What this task involves: The entries are given below. Output each one unchanged.
Source data START
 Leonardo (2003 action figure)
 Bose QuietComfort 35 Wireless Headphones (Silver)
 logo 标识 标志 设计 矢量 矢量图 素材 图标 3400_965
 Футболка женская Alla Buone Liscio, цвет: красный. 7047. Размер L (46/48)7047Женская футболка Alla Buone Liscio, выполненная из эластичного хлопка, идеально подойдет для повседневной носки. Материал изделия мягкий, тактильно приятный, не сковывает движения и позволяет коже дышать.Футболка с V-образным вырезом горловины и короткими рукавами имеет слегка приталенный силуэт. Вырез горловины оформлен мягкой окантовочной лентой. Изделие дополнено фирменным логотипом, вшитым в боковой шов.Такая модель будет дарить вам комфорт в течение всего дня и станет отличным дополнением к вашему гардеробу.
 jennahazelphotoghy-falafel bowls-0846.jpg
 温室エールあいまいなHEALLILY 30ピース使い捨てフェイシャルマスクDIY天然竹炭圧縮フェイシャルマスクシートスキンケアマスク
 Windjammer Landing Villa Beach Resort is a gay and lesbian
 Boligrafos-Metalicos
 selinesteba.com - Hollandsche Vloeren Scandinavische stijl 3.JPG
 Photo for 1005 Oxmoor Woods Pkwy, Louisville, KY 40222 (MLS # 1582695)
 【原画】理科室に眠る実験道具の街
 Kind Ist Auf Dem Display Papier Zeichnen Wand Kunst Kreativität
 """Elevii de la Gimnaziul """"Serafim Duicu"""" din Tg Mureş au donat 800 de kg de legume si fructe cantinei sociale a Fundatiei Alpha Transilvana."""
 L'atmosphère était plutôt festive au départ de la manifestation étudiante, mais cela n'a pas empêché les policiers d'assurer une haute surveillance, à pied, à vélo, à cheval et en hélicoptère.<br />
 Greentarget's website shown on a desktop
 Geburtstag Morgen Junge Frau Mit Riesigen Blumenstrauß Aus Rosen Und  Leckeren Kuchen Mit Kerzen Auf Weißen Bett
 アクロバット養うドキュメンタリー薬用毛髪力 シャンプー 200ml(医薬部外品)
Source data END
Solved exercise:
 Leonardo (2003 action figure)
 Bose QuietComfort 35 Wireless Headphones (Silver)
 logo 标识 标志 设计 矢量 矢量图 素材 图标 3400_965
 Футболка женская Alla Buone Liscio, цвет: красный. 7047. Размер L (46/48)7047Женская футболка Alla Buone Liscio, выполненная из эластичного хлопка, идеально подойдет для повседневной носки. Материал изделия мягкий, тактильно приятный, не сковывает движения и позволяет коже дышать.Футболка с V-образным вырезом горловины и короткими рукавами имеет слегка приталенный силуэт. Вырез горловины оформлен мягкой окантовочной лентой. Изделие дополнено фирменным логотипом, вшитым в боковой шов.Такая модель будет дарить вам комфорт в течение всего дня и станет отличным дополнением к вашему гардеробу.
 jennahazelphotoghy-falafel bowls-0846.jpg
 温室エールあいまいなHEALLILY 30ピース使い捨てフェイシャルマスクDIY天然竹炭圧縮フェイシャルマスクシートスキンケアマスク
 Windjammer Landing Villa Beach Resort is a gay and lesbian
 Boligrafos-Metalicos
 selinesteba.com - Hollandsche Vloeren Scandinavische stijl 3.JPG
 Photo for 1005 Oxmoor Woods Pkwy, Louisville, KY 40222 (MLS # 1582695)
 【原画】理科室に眠る実験道具の街
 Kind Ist Auf Dem Display Papier Zeichnen Wand Kunst Kreativität
 """Elevii de la Gimnaziul """"Serafim Duicu"""" din Tg Mureş au donat 800 de kg de legume si fructe cantinei sociale a Fundatiei Alpha Transilvana."""
 L'atmosphère était plutôt festive au départ de la manifestation étudiante, mais cela n'a pas empêché les policiers d'assurer une haute surveillance, à pied, à vélo, à cheval et en hélicoptère.<br />
 Greentarget's website shown on a desktop
 Geburtstag Morgen Junge Frau Mit Riesigen Blumenstrauß Aus Rosen Und  Leckeren Kuchen Mit Kerzen Auf Weißen Bett
 アクロバット養うドキュメンタリー薬用毛髪力 シャンプー 200ml(医薬部外品)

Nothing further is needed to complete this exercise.